As Mr Alger mentioned, there are certain markets within CPTPP that will not be having the additional costs on meeting your climate change obligations, and we are in discussion with BEIS about the carbon border tax and all those other issues that have to be addressed. We have called on BEIS and on the Department for International Trade. We would like to see an investment strategy for how we will attract inward investment into the chemicals sector. We would like there to be an industrial strategy. That does not seem to be mentioned anymore. We would like BEIS to come back and have a strategy for industry as to how we will build back better with our key industries. We will give some more thought to that and I will contribute to the committee. I am sorry, Lord Goldsmith, I hope that I did not go on.

The Chair: No, thank you for that. Do our other two witnesses want to say something brief about this now? Lord Lansley has rightly said that if you are able to give us something in more detail we would very much appreciate that.

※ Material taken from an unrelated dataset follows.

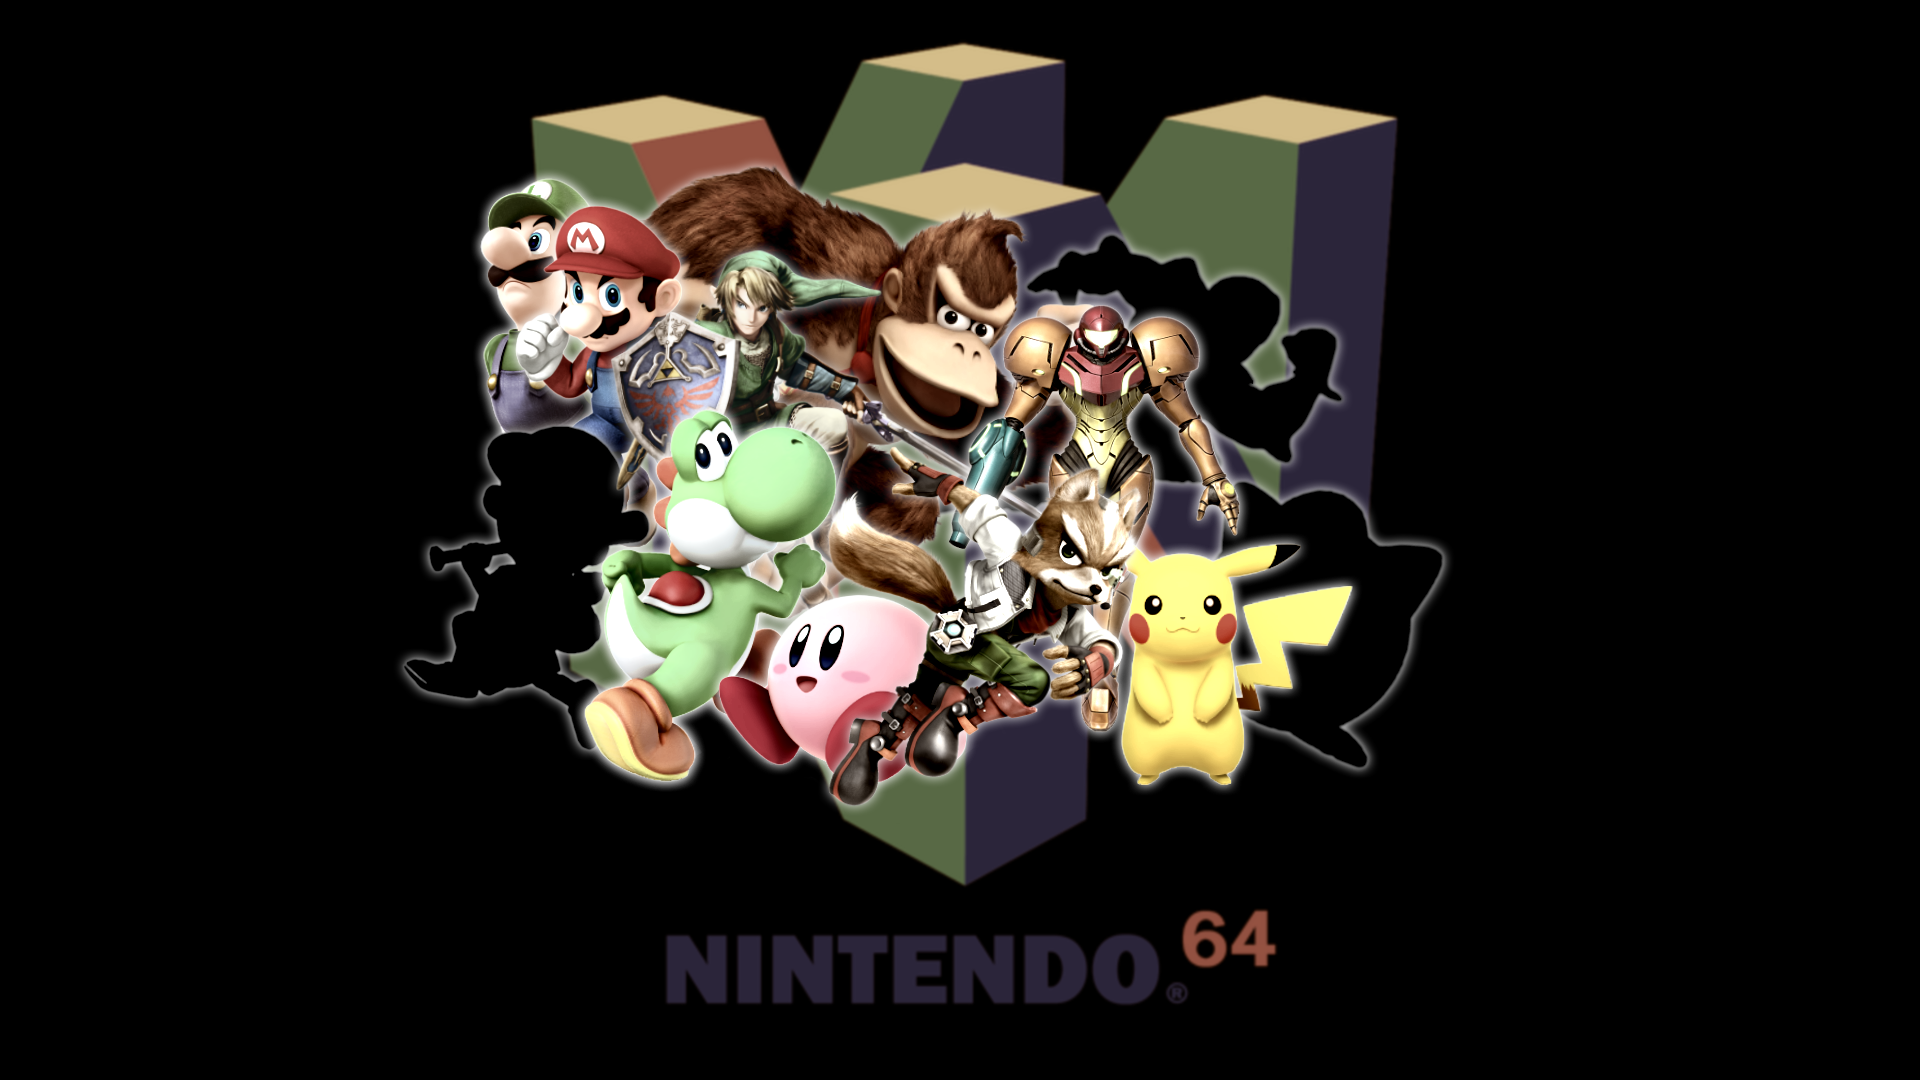 Super Smash Bros Desktop Background 1920x1080 By Cookedemil On

Paul Alger: I will certainly come back to you with some additional thoughts, but one of the concerns, again as I said earlier on, is that we have spent the last 10 or 15 years reshoring and near-shoring as part of our commitment to bring down fossil fuel use, for example. The broader we go in our supply chain, the more difficult that becomes to maintain. From our side, maintaining UK standards, trying to bring other countries up to the UK’s level of ambition rather than dropping down to countries’ standards where they have less of an ambition, is certainly something that we would be very enthusiastic about.

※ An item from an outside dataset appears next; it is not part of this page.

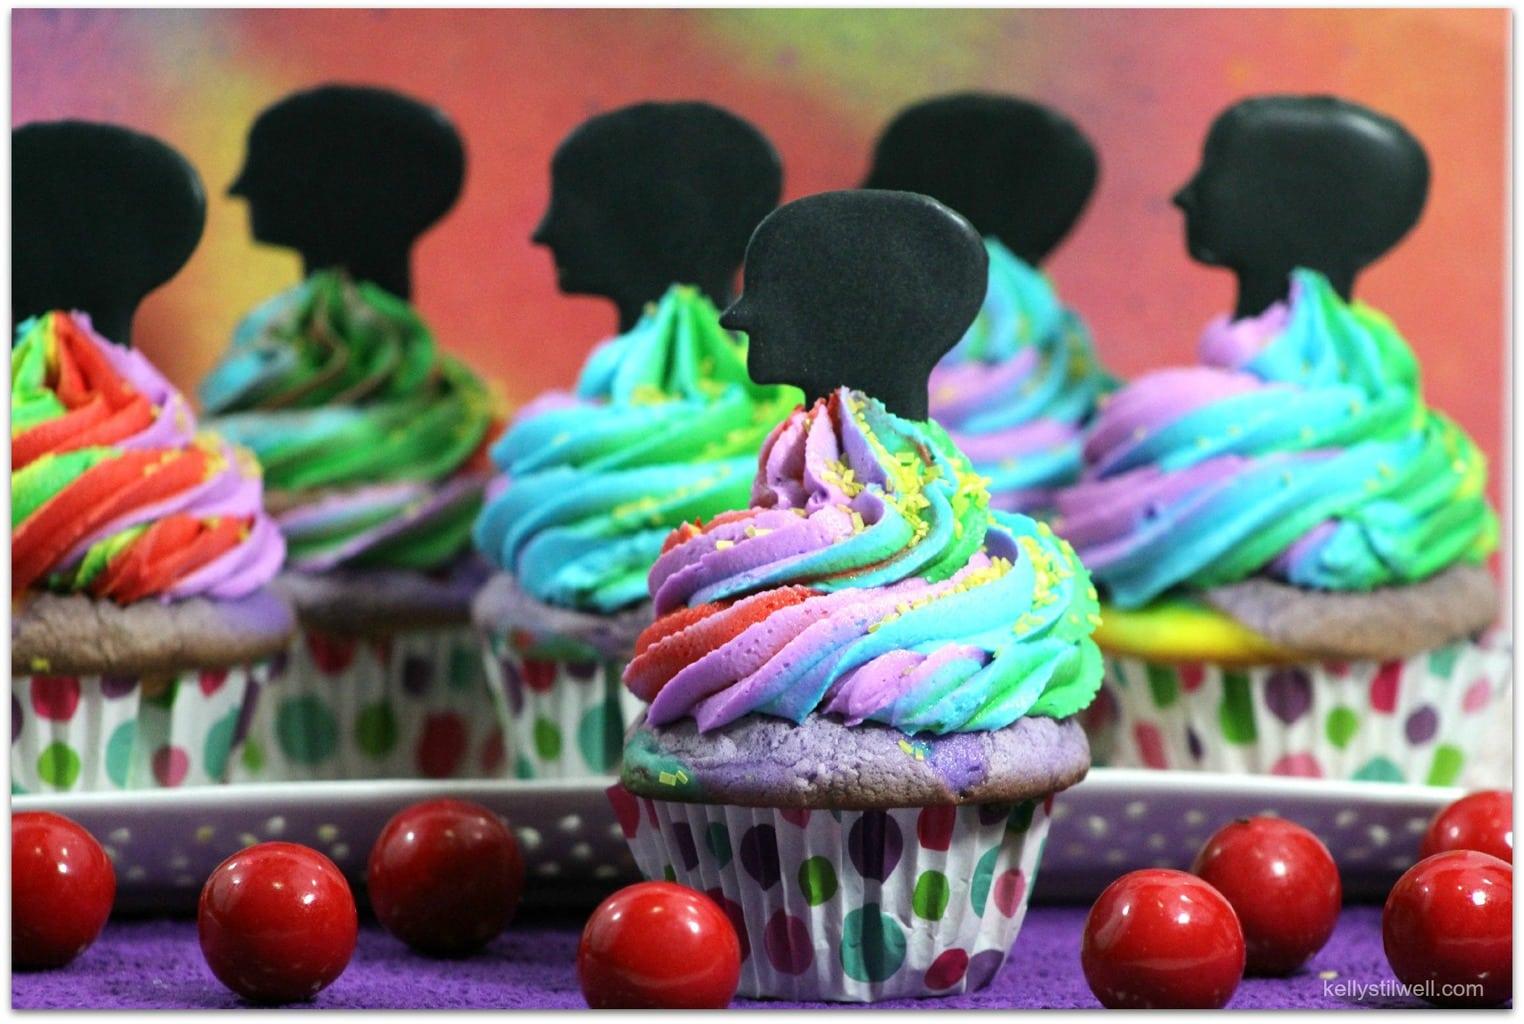 Disney Pixar Inside Out Cupcakes! - Food Fun & Faraway Places

Alessandro Marongiu: To end on a positive note, I will not comment on carbon leakage but I have three points where there could be a positive impact for the environment. First, in particular, in the deal with Australia if we manage to allow tariff-free treatment for environmentally friendly vehicles that is a positive. Secondly, if we manage to secure a reliable supply of raw materials that are necessary for battery production, that will help strengthen supply chain resilience and increase our manufacturing of new technologies. Finally, rules that can help build a stronger circular economy through tariff-free treatment of remanufactured products are also very useful.

The Chair: Thank you all very much for your input. It is extraordinarily helpful. Thank you also for offering to give us some further information. You have made the point, I think, Mr Cranshaw, that some of this will depend upon what the final details are. That is one of the issues that we always face as a committee because, when we see that, that is right at the end of the process. Anything you can tell us about what we should be looking for as the negotiations continue would also be very helpful. I do not want to add too much to your homework; forgive me for that.

Thank you all very much. We will draw this public session to a close. I invite my colleagues to join on Teams in perhaps five minutes, where we will then have further business, including a meeting with the Minister. Thank you all very much and I wish you a safe evening.